Campion blasts sexism in cinema at Cannes

Jury President Jane Campion poses for photographers during a photo call for the members of the jury at the 67th Cannes Film Festival.
Jury President Jane Campion poses for photographers during a photo call for the members of the jury at the 67th Cannes Film Festival.

Jane Campion, the only female director in Cannes Film Festival history to win the event's top prize Palme d'Or, threw a punch at the male-dominated film industry during Cannes' inaugural jury press conference.

"I think you would have to say that there's some inherent sexism in the industry,'' the New Zealand screenwriter and director told reporters on the first day of the Cannes Film Festival.

"It's not that I resent the male filmmakers ... but there are some things that women are doing that we don't get to know about ... a more feminine vision," she said, adding that only 7 percent of 1,800 entries submitted to Cannes were directed by women.

"It does feel very undemocratic and women do notice.

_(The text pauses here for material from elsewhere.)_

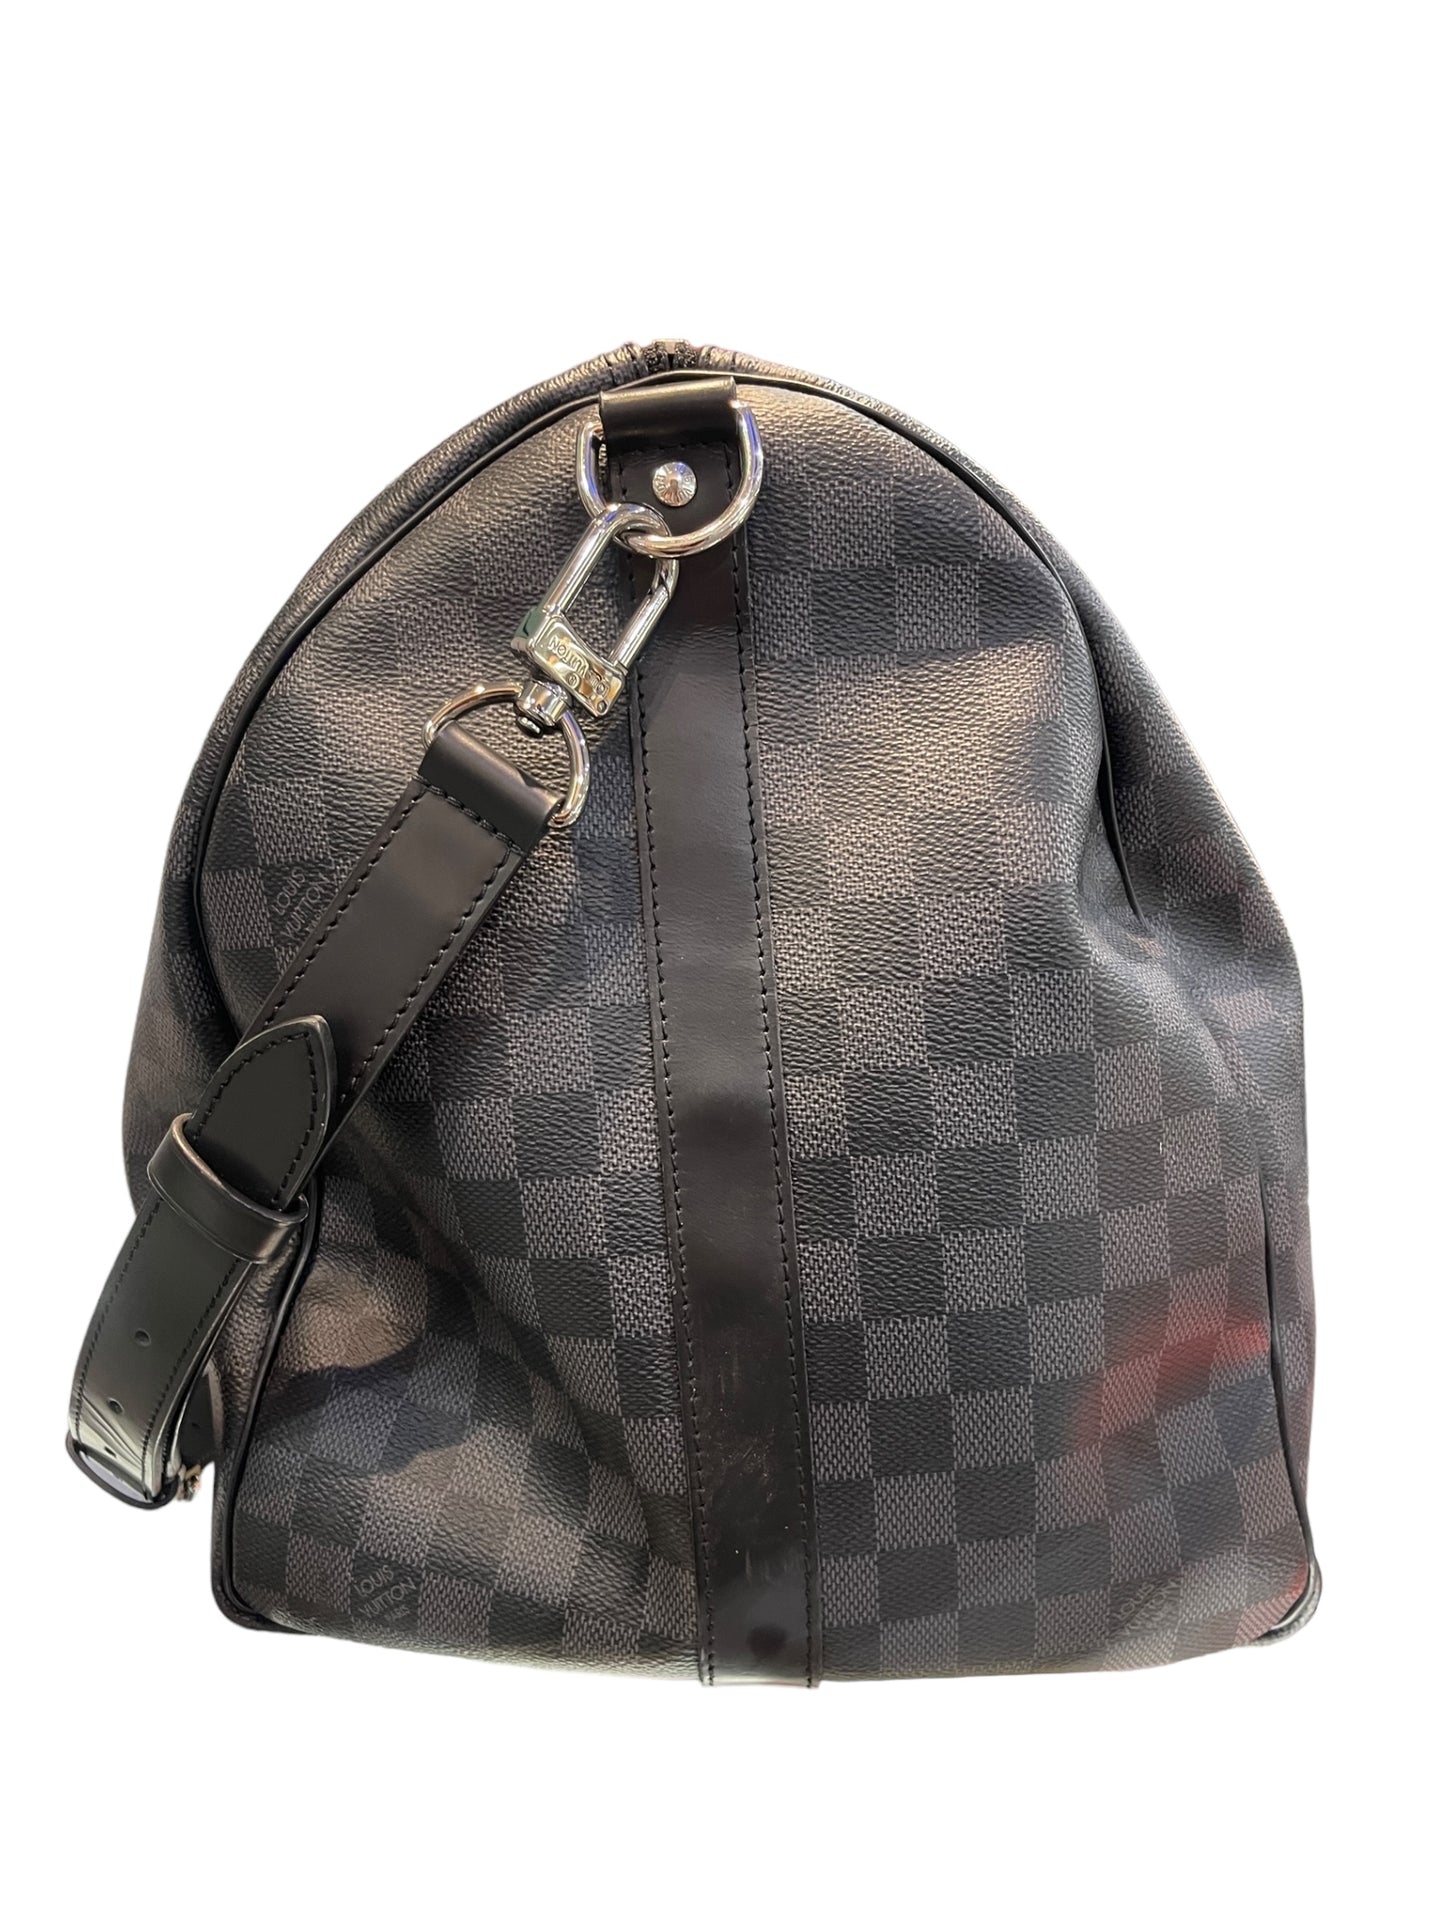 Louis Vuitton - Keepall 55 Bandouliere in Damier Graphite 0372626
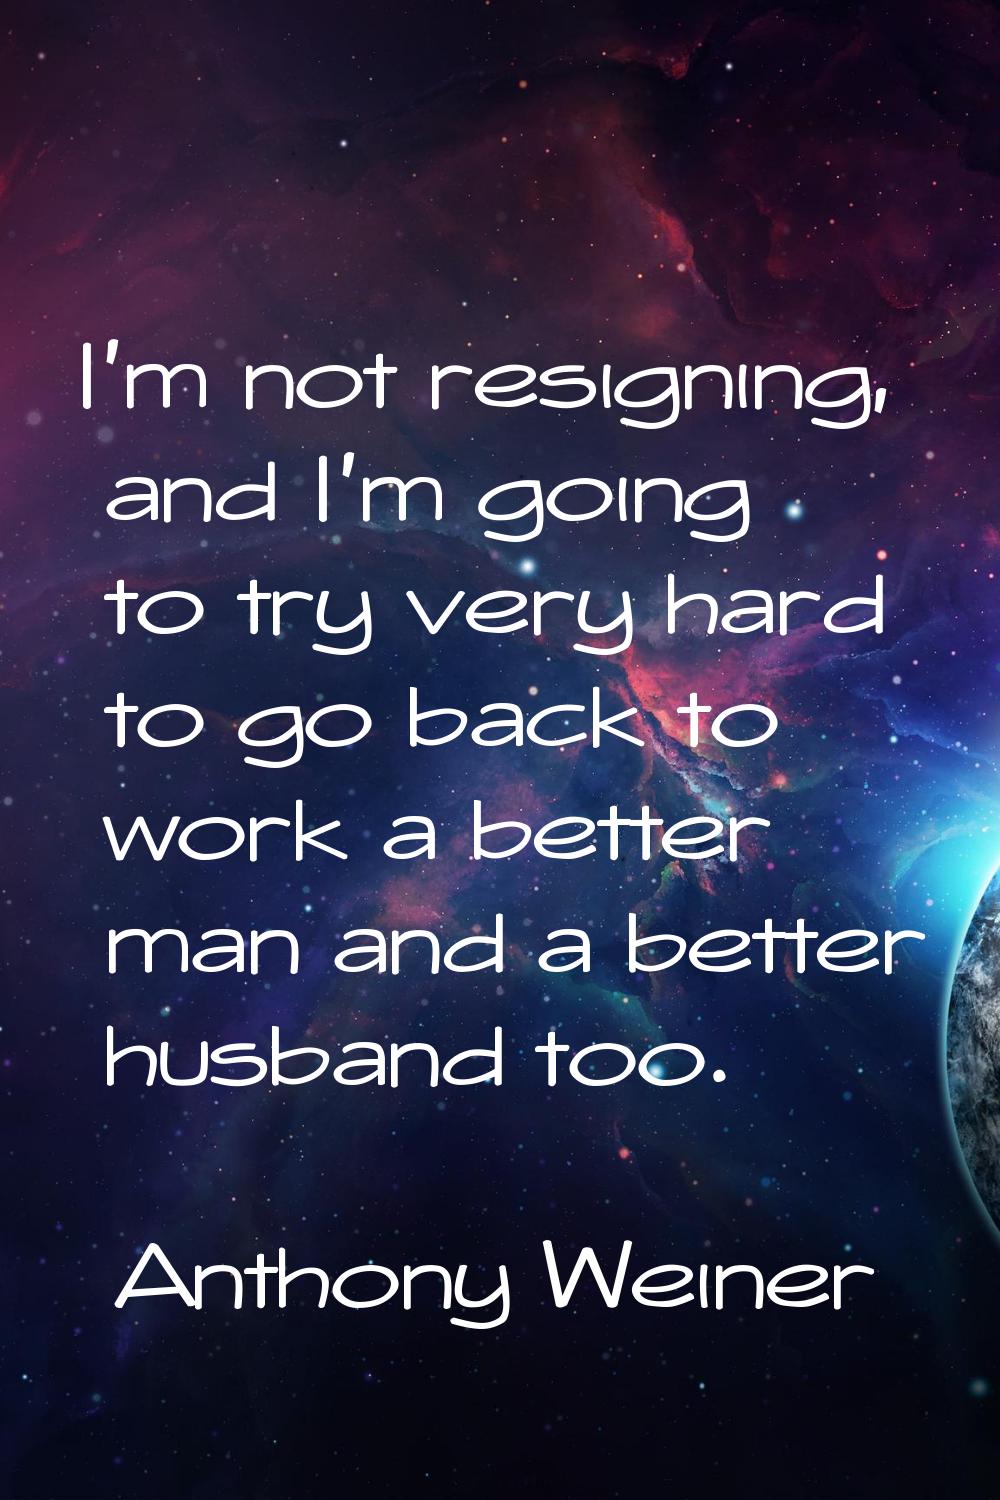 I'm not resigning, and I'm going to try very hard to go back to work a better man and a better husb

Time and time again we don't get our share of representation,'' she said, adding that men seemed to "eat all the cake''.

Campion, whose New Zealand-set movie The Piano about a mute pianist and her daughter won the Palme d'Or in 1993, is also one of only four women film-makers ever to have been nominated for a best director Oscar.

Another of the four, Sofia Coppola, nominated in 2003 for Lost in Translation, is also on this year's Cannes jury.

Campion added that there were so few women working in movies that it is "always a surprise for the world, when a woman film-maker does come along you get a more feminine vision''.

The 18 films competing for this year's Palme d'Or include only two by women directors - Japan's Naomi Kawase (Still the Water) and Italy's Alice Rohrwacher (The Wonders).

Last year there was one, while in 2012 there was not a single film made by a woman and only seven percent of the 1,700-odd films submitted to Cannes this year were by women.

Festival organisers say they recognise the problem but that doing anything other than selecting on merit would be an insult to women film-makers.

Cannes artistic director Thierry Fremaux last year told entertainment industry website ScreenDaily the lack of women was a "fundamental problem''.

But he added that it was not a battle he could "wage as a Cannes selector''.

Campion also dispelled the tensions at the press conference with humour.

"My big problem is: What to wear? That's everyone's problem at the Cannes Film Festival. There's a very high bar."